Problem to work on: An exact, complete printout of the listing is wanted, minus its images.

Dataset extract:

--*--

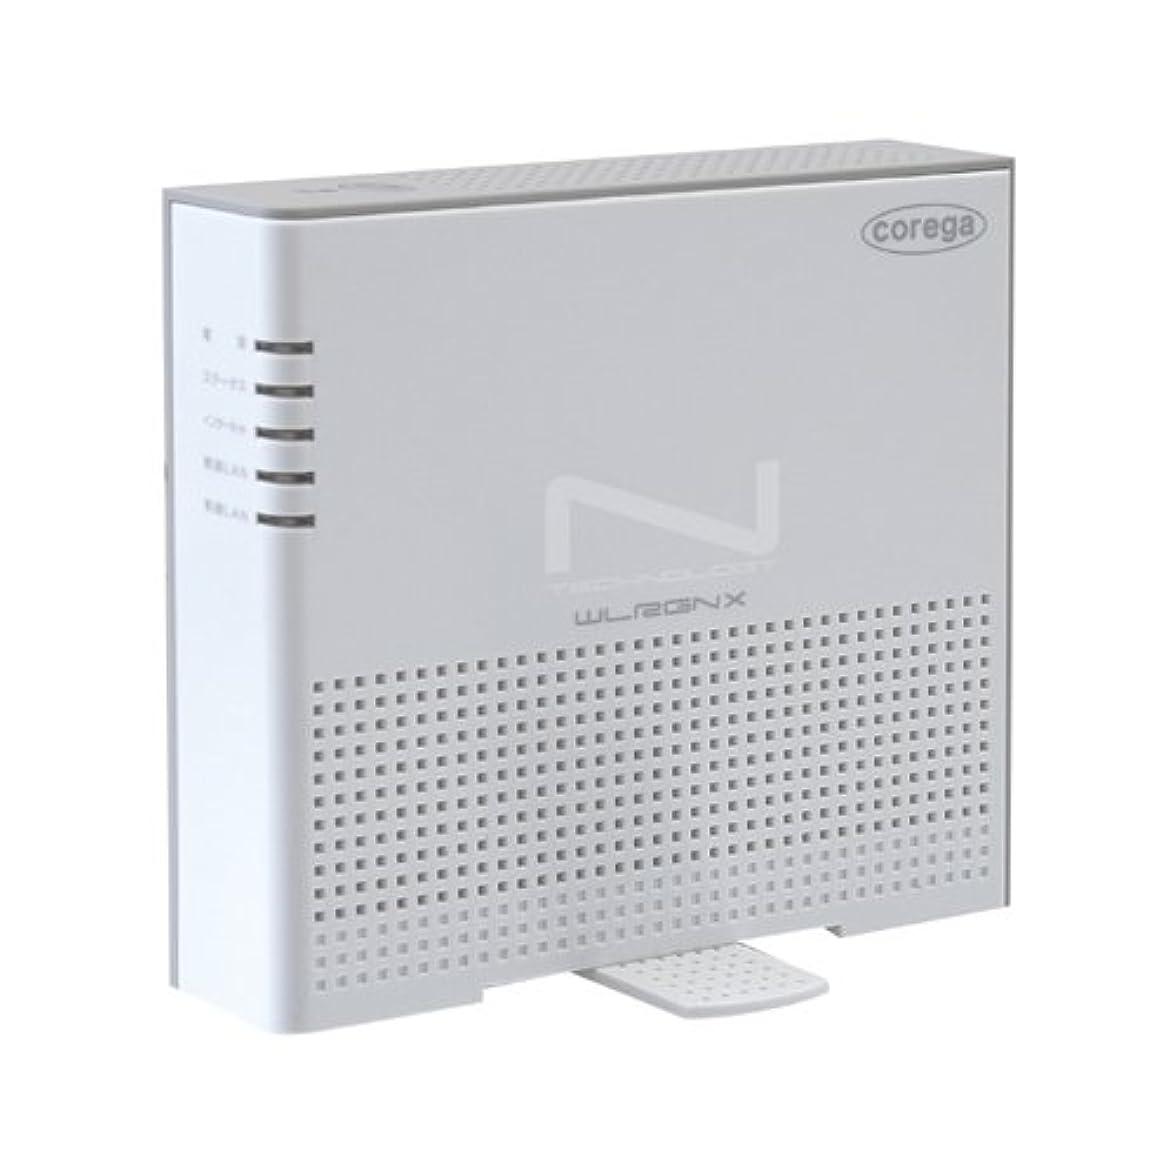 蒸気落胆させる義務Corega 無線LANコンパクトルータ Draft11n CG-WLRGNXW
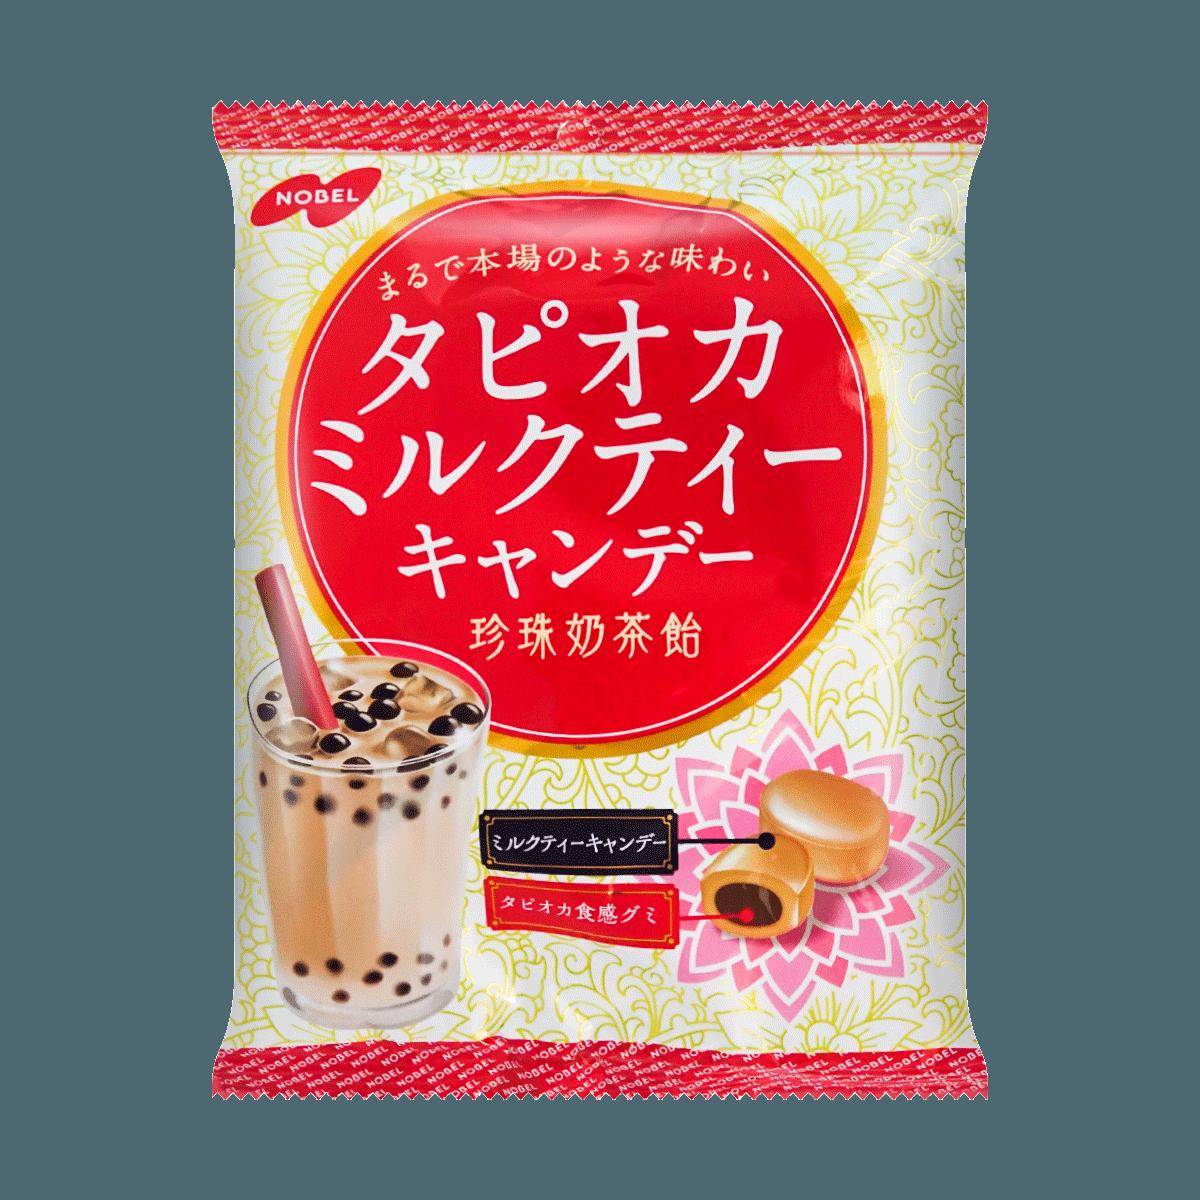 日本NOBEL诺贝尔製菓 黑糖珍珠奶茶糖果 夹心硬糖 90g 怎么样 - 亚米网
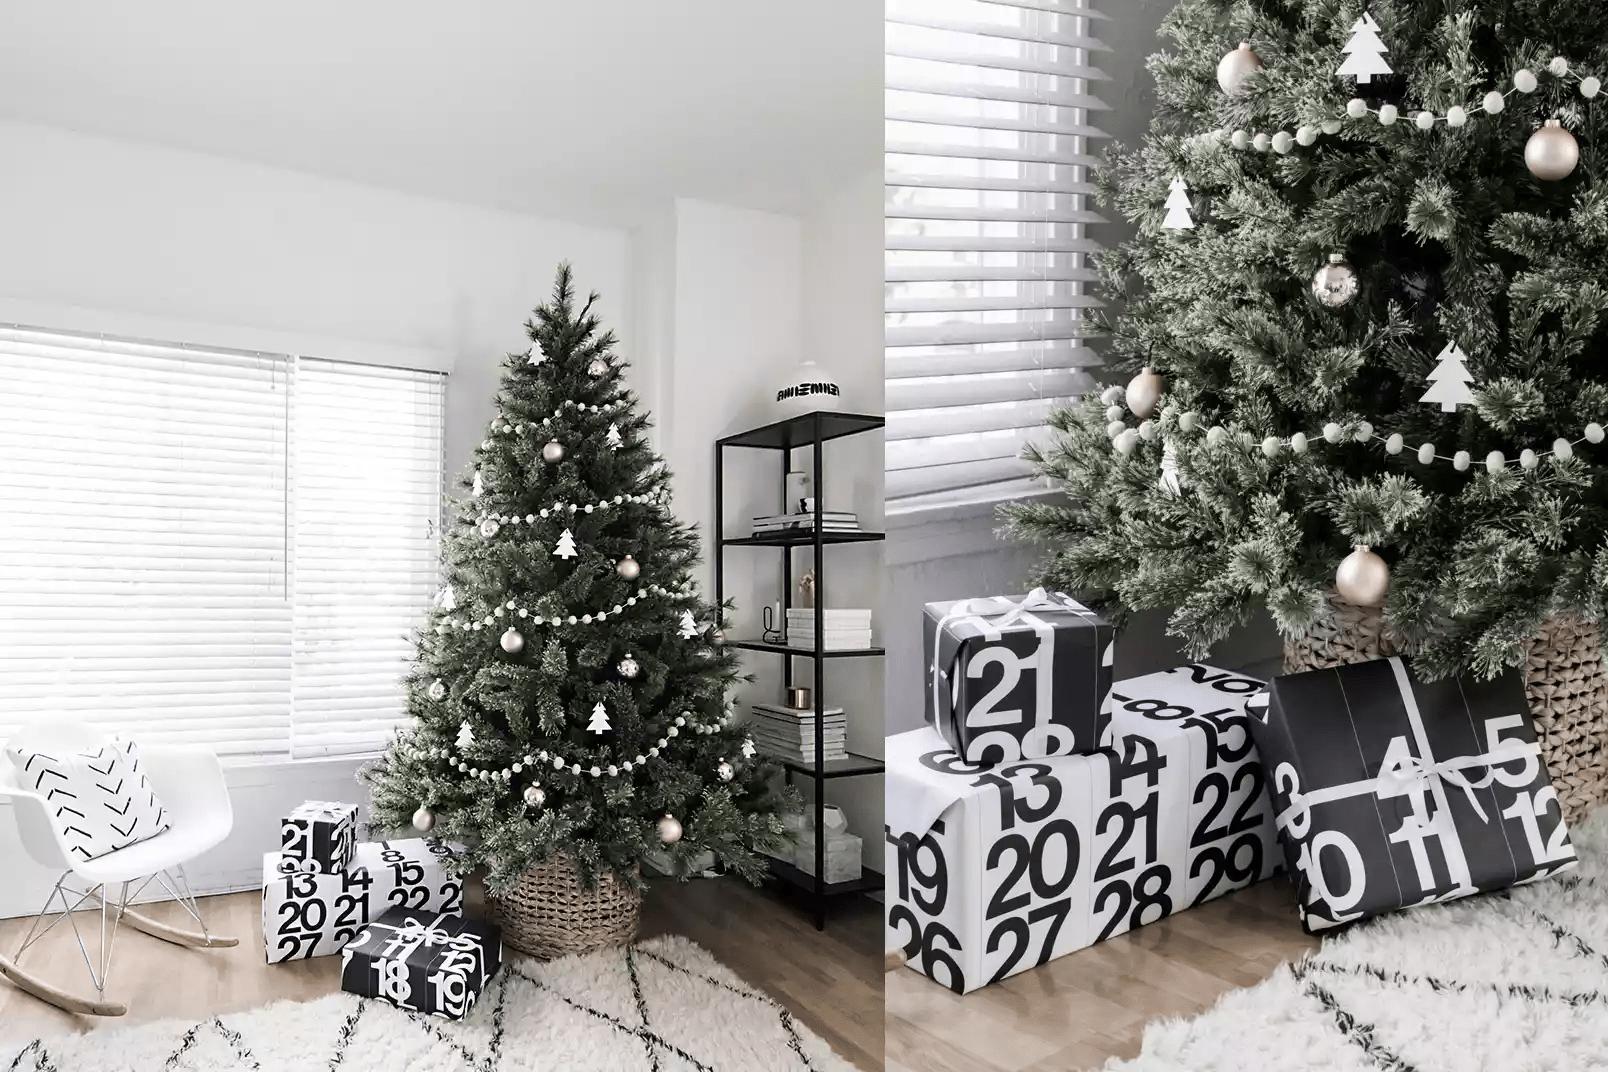 Arbre de Noël avec guirlande d'argent et décorations près d'une fenêtre

--*--

Result of the exercise:
 蒸気落胆させる義務Corega 無線LANコンパクトルータ Draft11n CG-WLRGNXW
 日本NOBEL诺贝尔製菓 黑糖珍珠奶茶糖果 夹心硬糖 90g 怎么样 - 亚米网
 Arbre de Noël avec guirlande d'argent et décorations près d'une fenêtre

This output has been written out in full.